Let n = 4, (p1,p2,p3,p4) = (100,10,15,27), (d1,d2,d3,d4) = (2,1,2,1)

The feasible solution and their values are given below.

Sr No. Feasible Solution Processing Time Value
1. (1,2) 2,1 110
2. (1,3) 1,3 or 3,1 115
3. (1,4) 4,1 127
4. (2,3) 2,3 25
5. (3,4) 4,3 42
6. (1) 1 100
7. (2) 2 10
8. (3) 3 15
9. (4) 4 27

Consider the jobs in the non-increasing order of profits subject to the constraint that the resulting job sequence J is a feasible solution.

In the example considered before, the non-increasing profit vector is

100 27 15 10   2 1 2 1
p1 p4 p3 p2   d1 d4 d3 d2

i. Now we start adding the job with J = 0 and Σ i ej Pi= 0.

ii. Job 1 is added to J as it has the largest profit and thusJ = {1} is a feasible one.

iii. Now job 4 is considered. The solution J = {1, 4} is a feasible one with processing sequence (4, 1).

iv. The next job, Job 3 is considered & it is discarded as J = {1, 3, 4} is not feasible.

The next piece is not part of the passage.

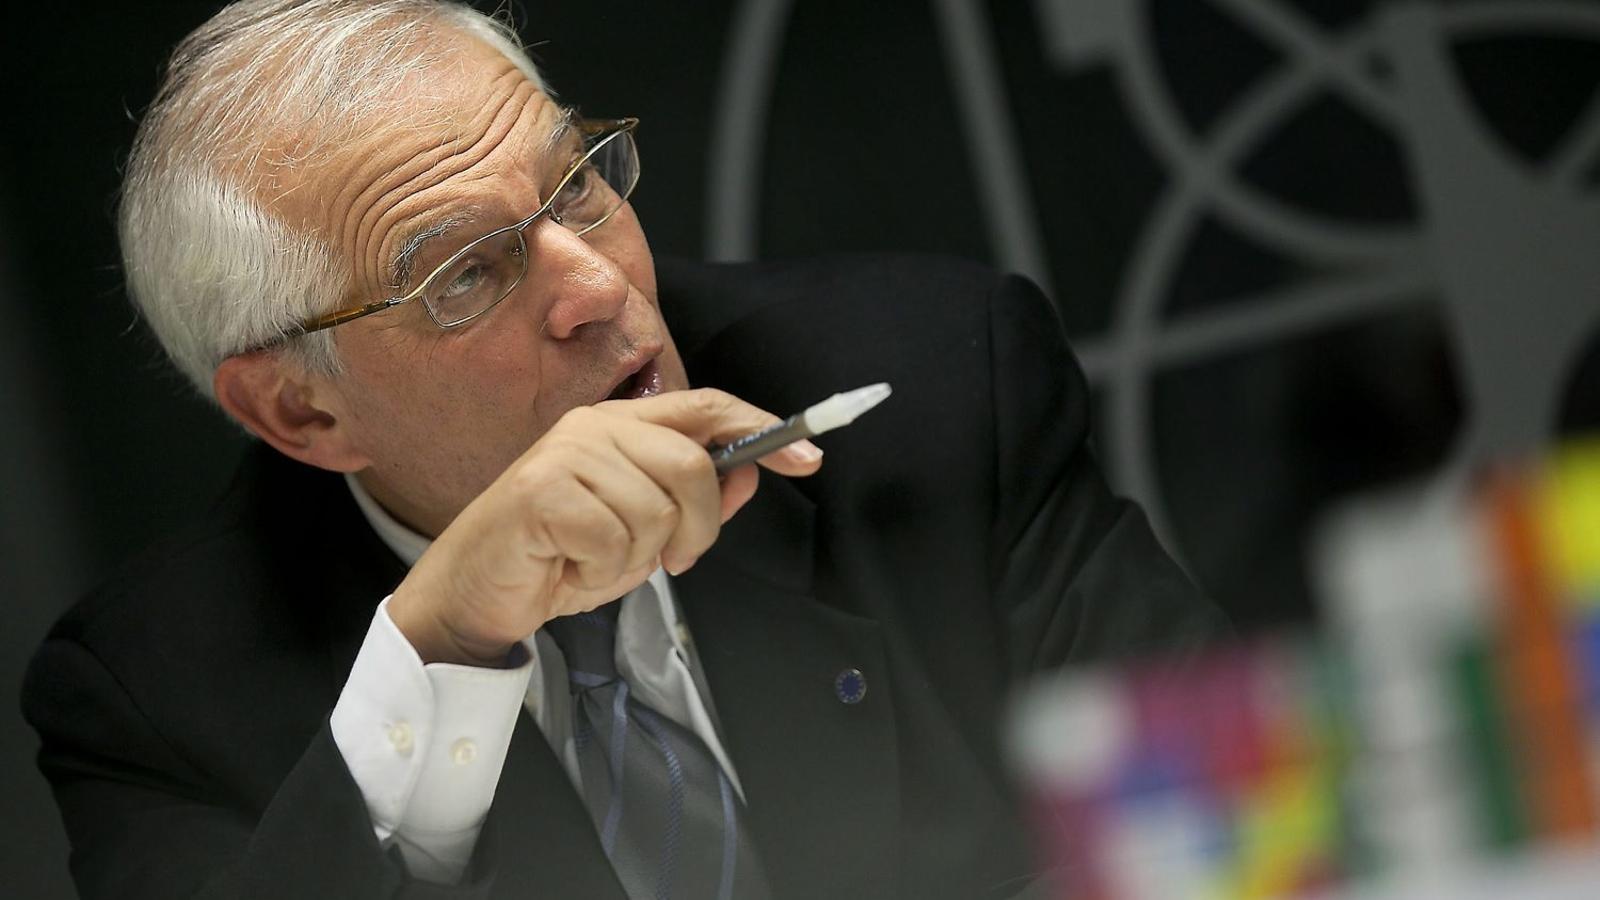 Borrell anuncia que Grècia cessarà al seu cònsol honorari a Barcelona per portar una samarreta amb l'estelada

v. Finally, job 2 is added into J and it is discarded as J = {1, 2, 4} is not feasible.

vi. Thus we have J = {1, 4} is optimal solution with value 127.’

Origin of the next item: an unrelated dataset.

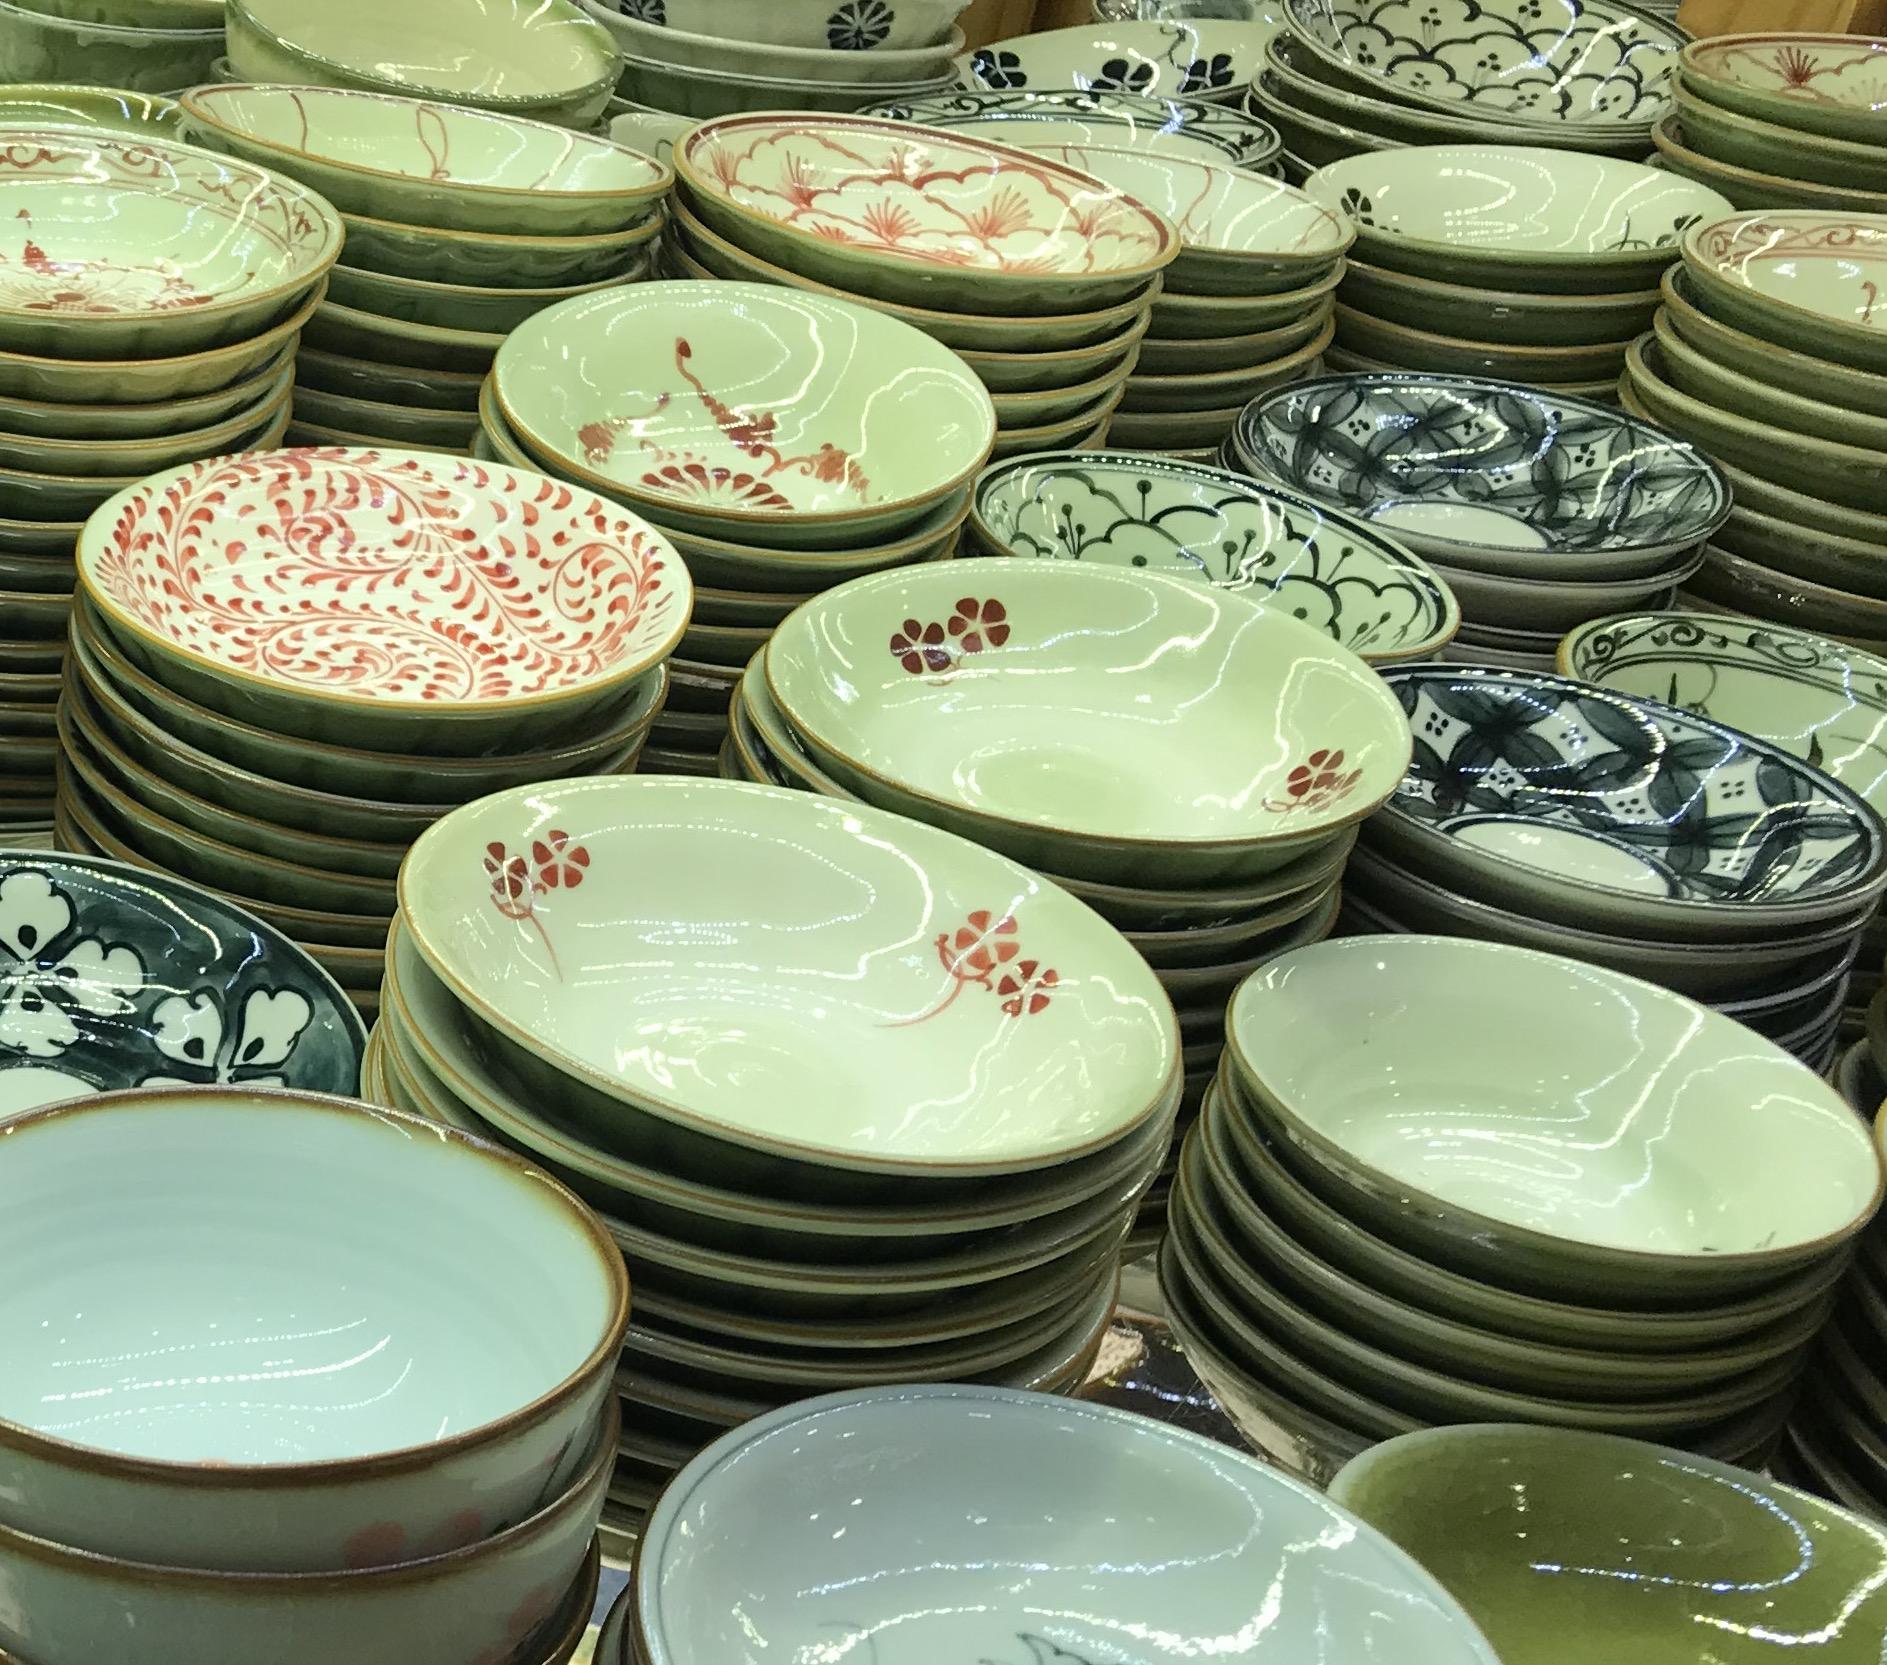 ベトナム・ホーチミンの雑貨のお土産:食器・漆器のお土産(バッチャン焼き)

[Note: If this question is asked for 10 marks then write algorithm also.]

Algorithm:-

 Algorithm Job_seq (d, 1, n)
 {
    d [0] = 0;
    JS [1] = 1;
    i = 1;
    for j= 2 to n do;
    {
        k = i;
        while ((d[JS[k] > d[j]]) and (d[JS[k]] != k)) do
        k = k -1;
        if ((d[JS[k] < d[j]]) and (d[j] > k)) then 
        {
                For m= i to (k+1) step-1 do
                JS [m+1] = JS [m];
                JS [K+1] = j;
                i = i+1;
        }
   }
   Return i;
}

It is established that the computing time of job sequencing can be reduced from $O (n^2)$ to O (n).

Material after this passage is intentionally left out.